▸ TASK DATA:
--- START ---
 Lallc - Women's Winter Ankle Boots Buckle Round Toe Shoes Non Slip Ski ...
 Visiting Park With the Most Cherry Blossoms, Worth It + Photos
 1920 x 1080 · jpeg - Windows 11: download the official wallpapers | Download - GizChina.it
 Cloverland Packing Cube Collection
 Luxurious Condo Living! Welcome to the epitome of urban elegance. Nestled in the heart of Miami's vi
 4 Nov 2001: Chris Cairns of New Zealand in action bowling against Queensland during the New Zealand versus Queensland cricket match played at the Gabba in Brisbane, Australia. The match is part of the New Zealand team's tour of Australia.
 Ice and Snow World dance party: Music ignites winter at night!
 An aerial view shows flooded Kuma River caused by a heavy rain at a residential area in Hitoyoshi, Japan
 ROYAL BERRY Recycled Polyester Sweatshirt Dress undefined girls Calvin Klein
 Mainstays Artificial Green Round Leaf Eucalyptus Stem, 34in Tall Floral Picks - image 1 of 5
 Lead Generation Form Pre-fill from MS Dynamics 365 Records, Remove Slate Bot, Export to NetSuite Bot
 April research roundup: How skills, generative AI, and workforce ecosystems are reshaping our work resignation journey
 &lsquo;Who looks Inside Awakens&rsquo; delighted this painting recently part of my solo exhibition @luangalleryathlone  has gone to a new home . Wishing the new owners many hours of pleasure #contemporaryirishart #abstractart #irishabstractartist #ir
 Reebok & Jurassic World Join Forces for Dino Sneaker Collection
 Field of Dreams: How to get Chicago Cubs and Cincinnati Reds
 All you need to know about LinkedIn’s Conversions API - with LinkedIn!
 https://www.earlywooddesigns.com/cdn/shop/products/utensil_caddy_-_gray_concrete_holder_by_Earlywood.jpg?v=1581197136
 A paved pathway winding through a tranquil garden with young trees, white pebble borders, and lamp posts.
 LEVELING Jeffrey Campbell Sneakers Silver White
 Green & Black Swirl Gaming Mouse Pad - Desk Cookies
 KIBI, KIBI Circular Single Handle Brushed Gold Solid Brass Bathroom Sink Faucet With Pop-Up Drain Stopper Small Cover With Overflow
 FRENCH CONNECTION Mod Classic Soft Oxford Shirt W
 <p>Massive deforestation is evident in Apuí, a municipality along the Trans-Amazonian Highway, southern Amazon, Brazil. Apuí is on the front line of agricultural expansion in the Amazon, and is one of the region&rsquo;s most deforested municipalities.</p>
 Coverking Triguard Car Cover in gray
--- END ---
▸ PROBLEM DESCRIPTION: Retype all of the material above with every character intact.

▸ TASK SOLUTION:
 Lallc - Women's Winter Ankle Boots Buckle Round Toe Shoes Non Slip Ski ...
 Visiting Park With the Most Cherry Blossoms, Worth It + Photos
 1920 x 1080 · jpeg - Windows 11: download the official wallpapers | Download - GizChina.it
 Cloverland Packing Cube Collection
 Luxurious Condo Living! Welcome to the epitome of urban elegance. Nestled in the heart of Miami's vi
 4 Nov 2001: Chris Cairns of New Zealand in action bowling against Queensland during the New Zealand versus Queensland cricket match played at the Gabba in Brisbane, Australia. The match is part of the New Zealand team's tour of Australia.
 Ice and Snow World dance party: Music ignites winter at night!
 An aerial view shows flooded Kuma River caused by a heavy rain at a residential area in Hitoyoshi, Japan
 ROYAL BERRY Recycled Polyester Sweatshirt Dress undefined girls Calvin Klein
 Mainstays Artificial Green Round Leaf Eucalyptus Stem, 34in Tall Floral Picks - image 1 of 5
 Lead Generation Form Pre-fill from MS Dynamics 365 Records, Remove Slate Bot, Export to NetSuite Bot
 April research roundup: How skills, generative AI, and workforce ecosystems are reshaping our work resignation journey
 &lsquo;Who looks Inside Awakens&rsquo; delighted this painting recently part of my solo exhibition @luangalleryathlone  has gone to a new home . Wishing the new owners many hours of pleasure #contemporaryirishart #abstractart #irishabstractartist #ir
 Reebok & Jurassic World Join Forces for Dino Sneaker Collection
 Field of Dreams: How to get Chicago Cubs and Cincinnati Reds
 All you need to know about LinkedIn’s Conversions API - with LinkedIn!
 https://www.earlywooddesigns.com/cdn/shop/products/utensil_caddy_-_gray_concrete_holder_by_Earlywood.jpg?v=1581197136
 A paved pathway winding through a tranquil garden with young trees, white pebble borders, and lamp posts.
 LEVELING Jeffrey Campbell Sneakers Silver White
 Green & Black Swirl Gaming Mouse Pad - Desk Cookies
 KIBI, KIBI Circular Single Handle Brushed Gold Solid Brass Bathroom Sink Faucet With Pop-Up Drain Stopper Small Cover With Overflow
 FRENCH CONNECTION Mod Classic Soft Oxford Shirt W
 <p>Massive deforestation is evident in Apuí, a municipality along the Trans-Amazonian Highway, southern Amazon, Brazil. Apuí is on the front line of agricultural expansion in the Amazon, and is one of the region&rsquo;s most deforested municipalities.</p>
 Coverking Triguard Car Cover in gray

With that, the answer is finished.